Directions for this task | Copy exactly the lines of the material below that run from the one containing "Spearmint Haze (5006-5C)" through the one containing "Voluptuous (M123) - Tetradic Color Palette". Copy no other lines.

Data extract |
====
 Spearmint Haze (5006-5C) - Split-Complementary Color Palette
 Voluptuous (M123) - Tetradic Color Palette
====
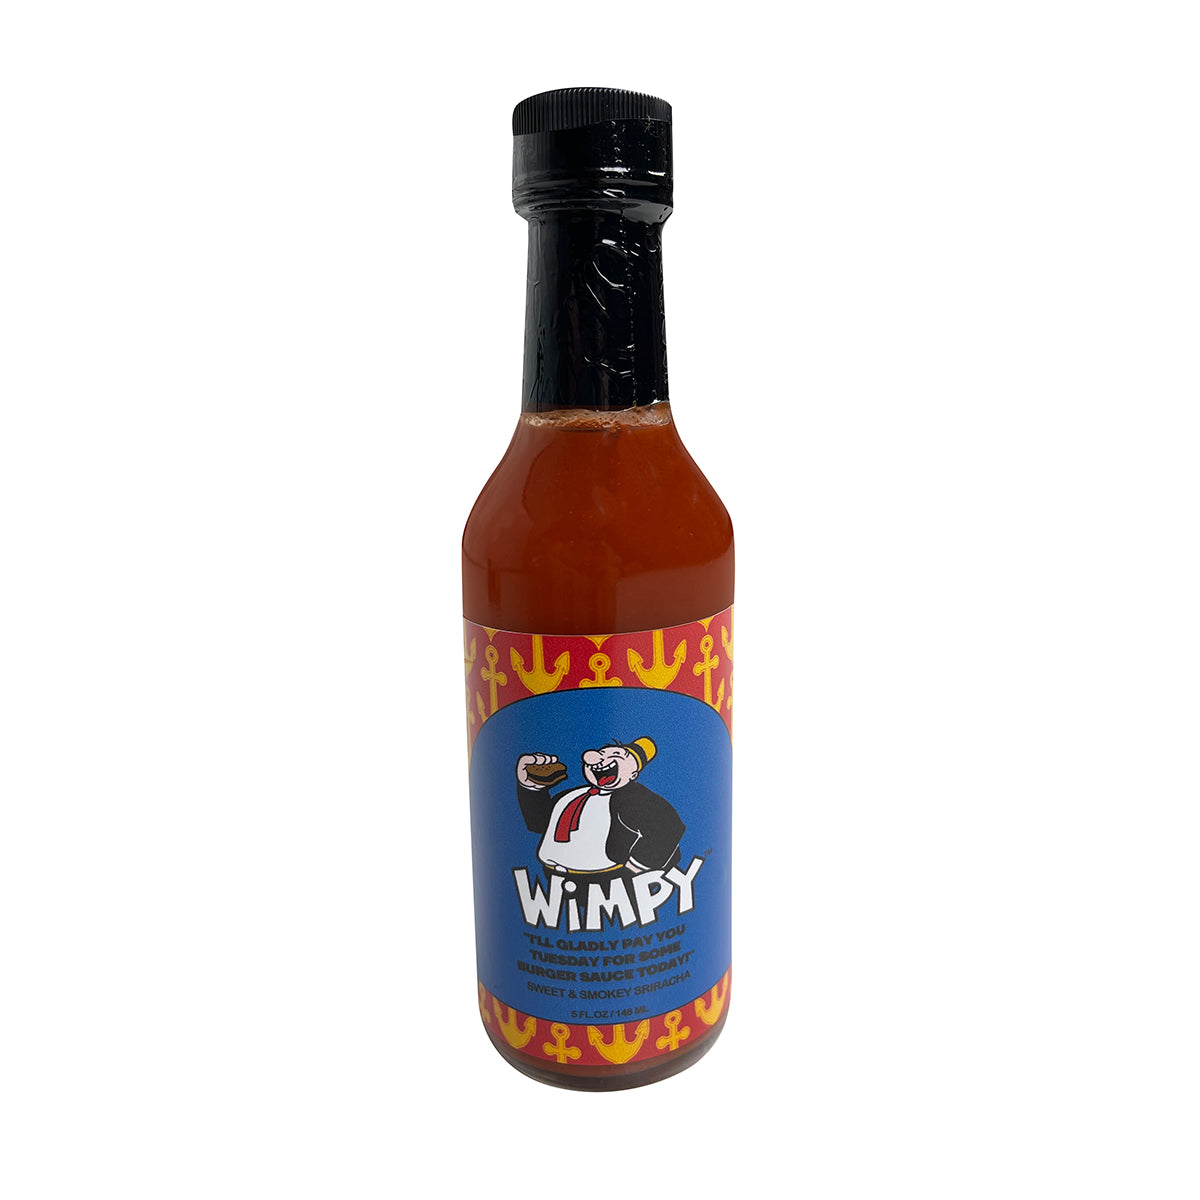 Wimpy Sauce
====
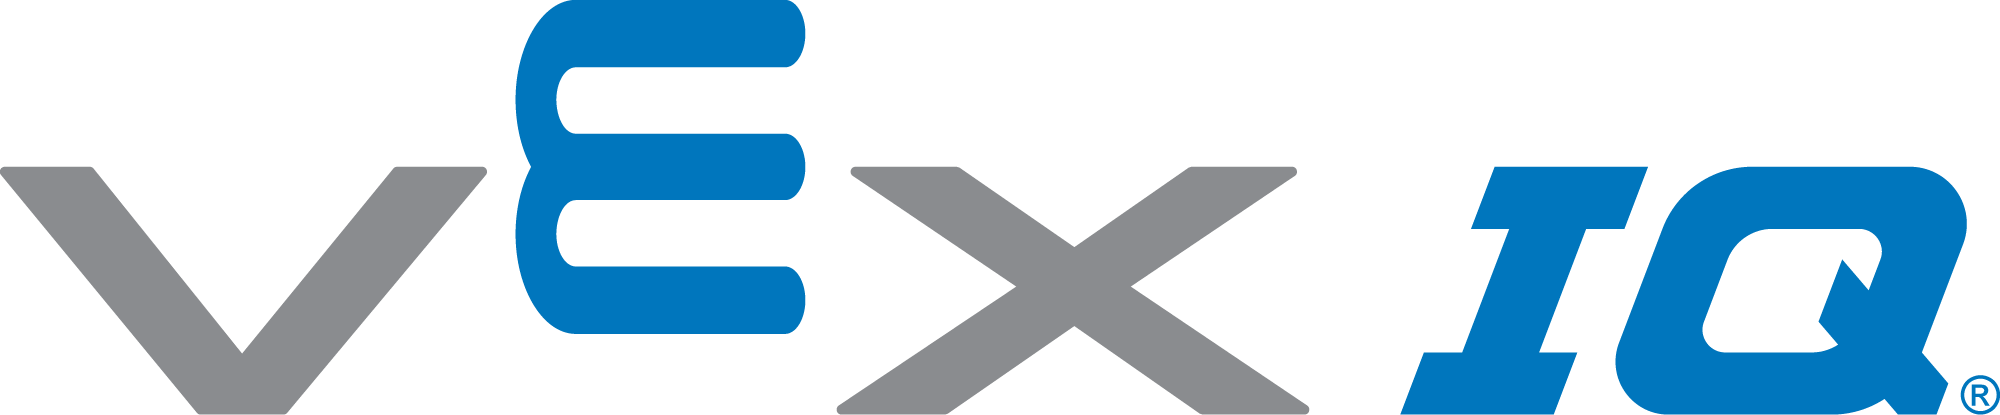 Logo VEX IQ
====
Solution below |
 Spearmint Haze (5006-5C) - Split-Complementary Color Palette
 Voluptuous (M123) - Tetradic Color Palette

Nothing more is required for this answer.